In August 2014, Human Rights Watch reported nineteen executions in seventeen days – including one for “sorcery.” Adultery and apostasy can also be punished by death.

In a supreme irony, on the death of King Salman’s head-chopping predecessor, Salman’s half bother King Abdullah, in January (still current decapitation record holder) UK Prime Minister David Cameron ordered flags flown at half mast, including at the Houses of Parliament and Westminster Abbey, leading one MP to question: “On the day that flags at Whitehall are flying at half-mast for King Abdullah, how many public executions will there be?”

Cameron apparently had not read his own Foreign and Commonwealth Office Report citing Saudi as “a country of concern.”

Reacting to a swathe of criticism, a spokesperson for Westminster Abbey responded:

For us not to fly at half-mast would be to make a noticeably aggressive comment on the death of the King of a country to which the UK is allied in the fight against Islamic terrorism.

The Abbey’s representative appears to have been either breathtakingly ignorant or stunningly uninformed. In December 2009 in a US Embassy cable the then US Secretary of State, Hillary Clinton, wrote that:

While the Kingdom of Saudi Arabia (KSA) takes seriously the threat of terrorism within Saudi Arabia, it has been an ongoing challenge to persuade Saudi officials to treat terrorist financing emanating from Saudi Arabia as a strategic priority.

Moreover:

… donors in Saudi Arabia constitute the most significant source of funding to Sunni terrorist groups worldwide … engagement is needed to … encourage the Saudi government to take more steps to stem the flow of funds from Saudi Arabia-based sources to terrorists and extremists worldwide.

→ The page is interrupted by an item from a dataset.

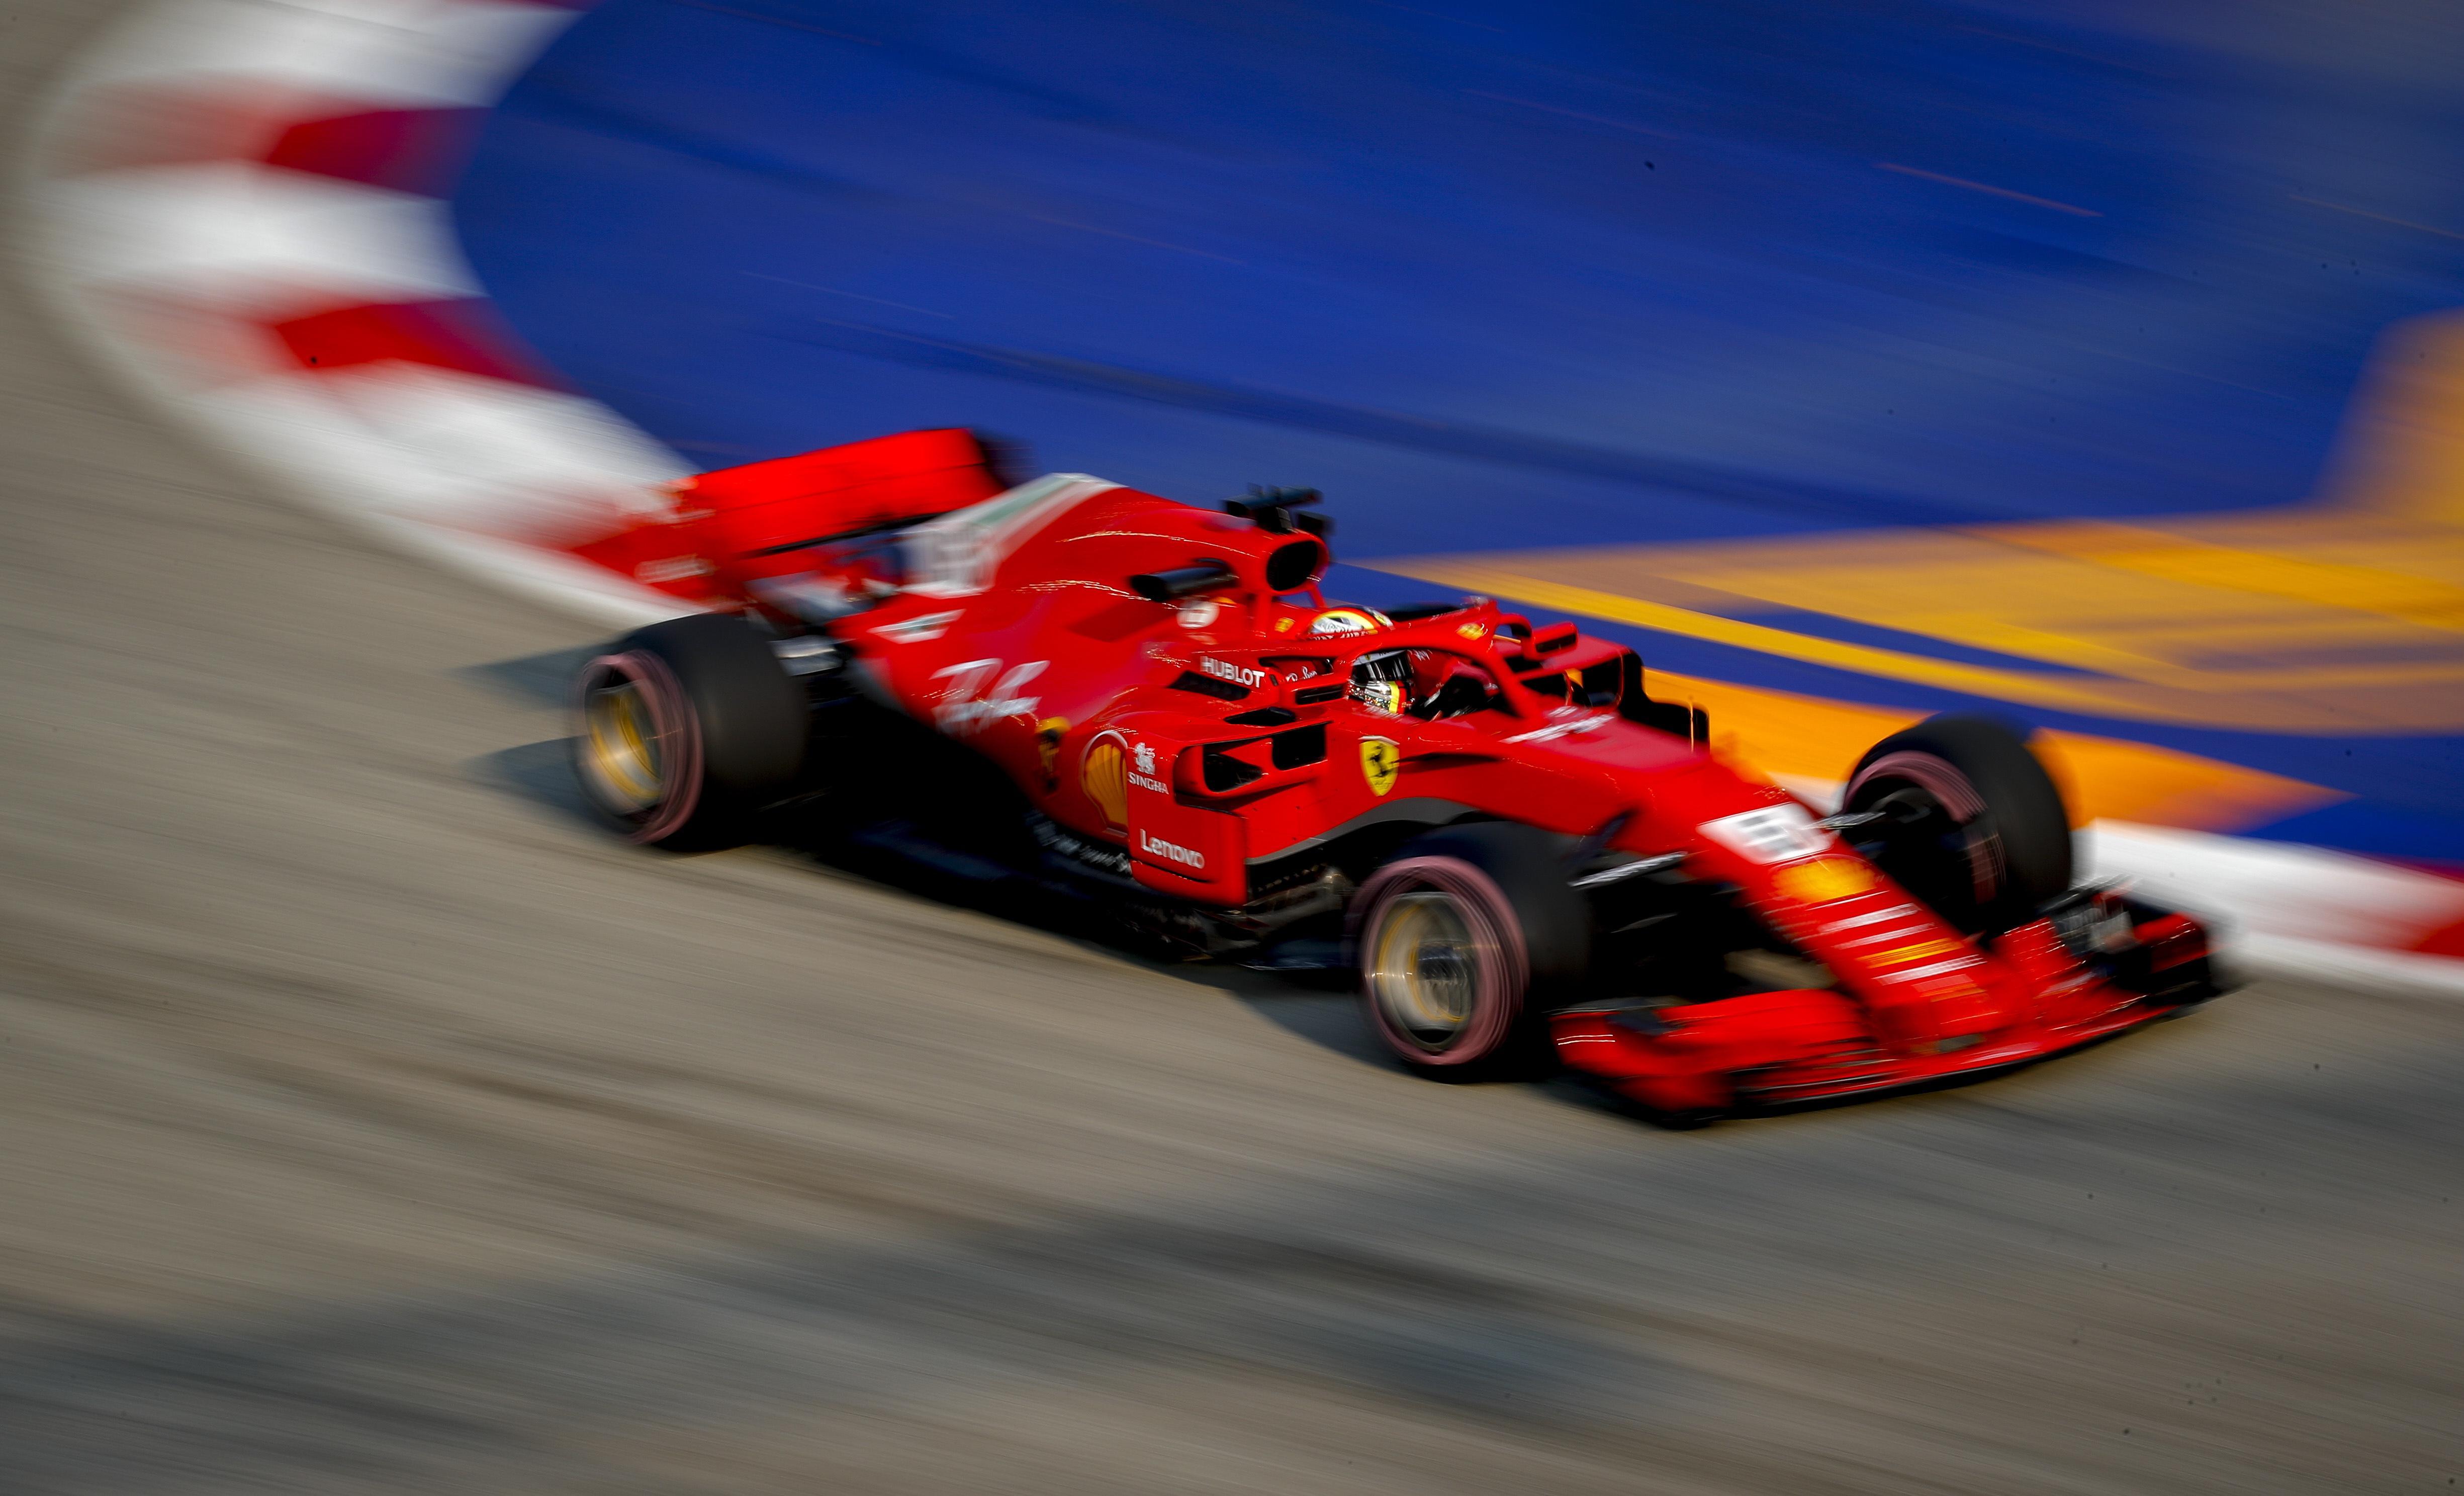 Sebastian Vettel crashed again during practice ahead of the Singapore GP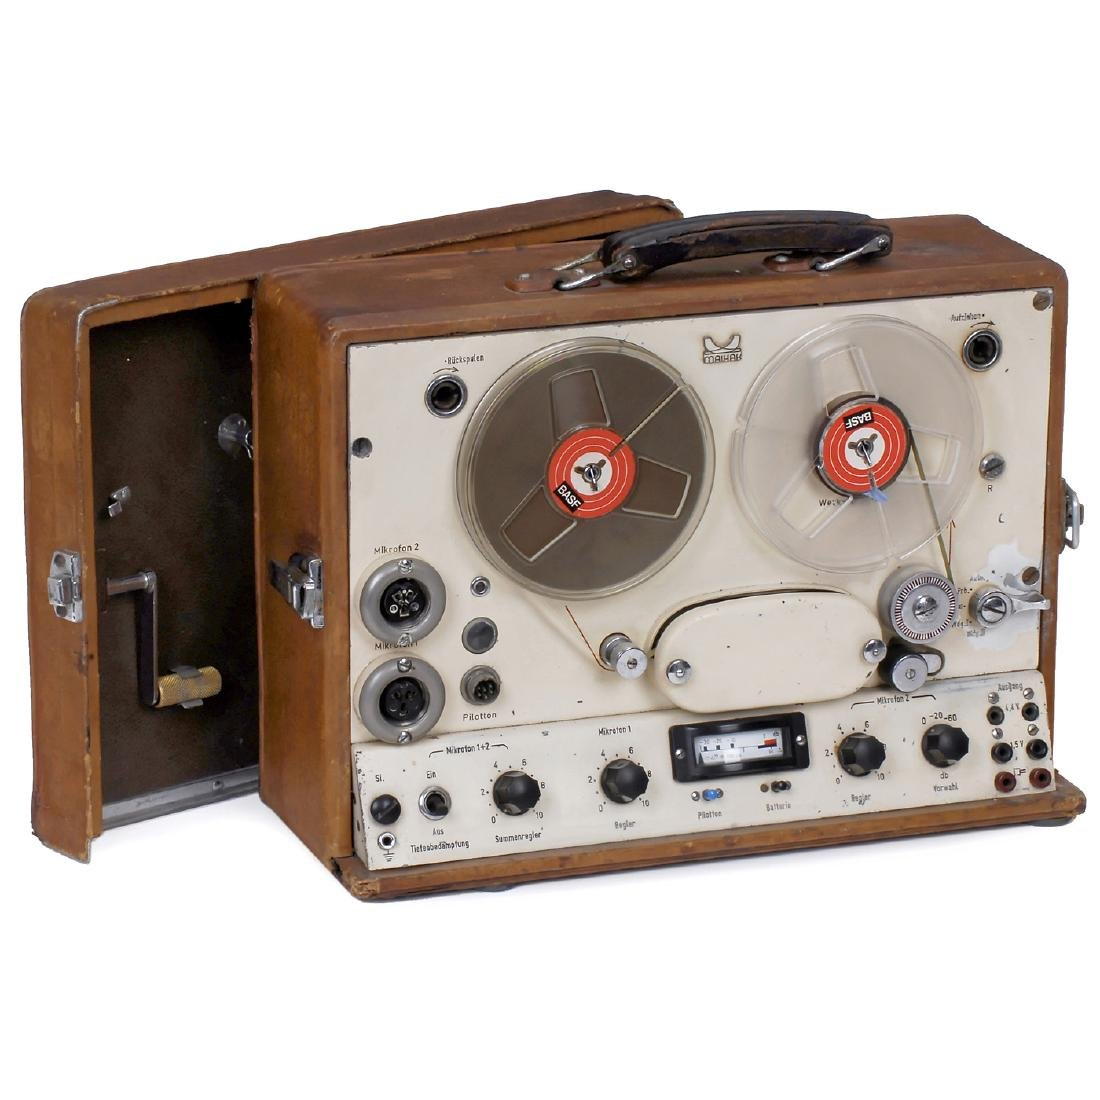 Maihak MMK6 Pilottone Tape Recorder, c. 1960

At home women are forbidden “from obtaining a passport, marrying, traveling, accessing higher education without the approval of a male guardian.” (HRW Report, 2014.) Saudi is also, of course, the only country in the world where women are forbidden to drive.

The country is currently preparing to behead twenty-one year old Ali Mohammed al-Nimr. He was arrested aged seventeen for participating in anti-government protests and possessing firearms — the latter charge has been consistently denied. Human rights groups are appalled at the sentence and the flimsy case against him, but pointing out that neither “factors are unusual in today’s Saudi Arabia.”

Following the beheading, al-Nimr’s headless body will be allegedly mounted “on to a crucifix for public viewing.”

What was that mantra issued unceasingly from US and UK government Departments in justification for blitzkriegs, invasions and slaughters in countries who “kill their own people”?

Numerous reports cite torture as being widespread, despite Saudi having subscribed to the UN Convention Against Torture.

There are protests at Saudi embassies across the world highlighting the case of blogger Raif Badawi, sentenced to a thousand lashes – fifty lashes a week after Friday prayers – and ten years in prison for blogging about free speech.

Since March, Saudi Arabia has been bombing Yemen — with no UN mandate — destroying schools, hospitals, homes, a hotel, public buildings, an Internally Displaced Persons camp, historical jewels, generating “a trail of civilian death and destruction” which may have amounted to war crimes, according to Amnesty International. “Unlawful airstrikes” have failed to distinguish between military targets and civilian objects. “Nowhere safe for civilians”, states Amnesty.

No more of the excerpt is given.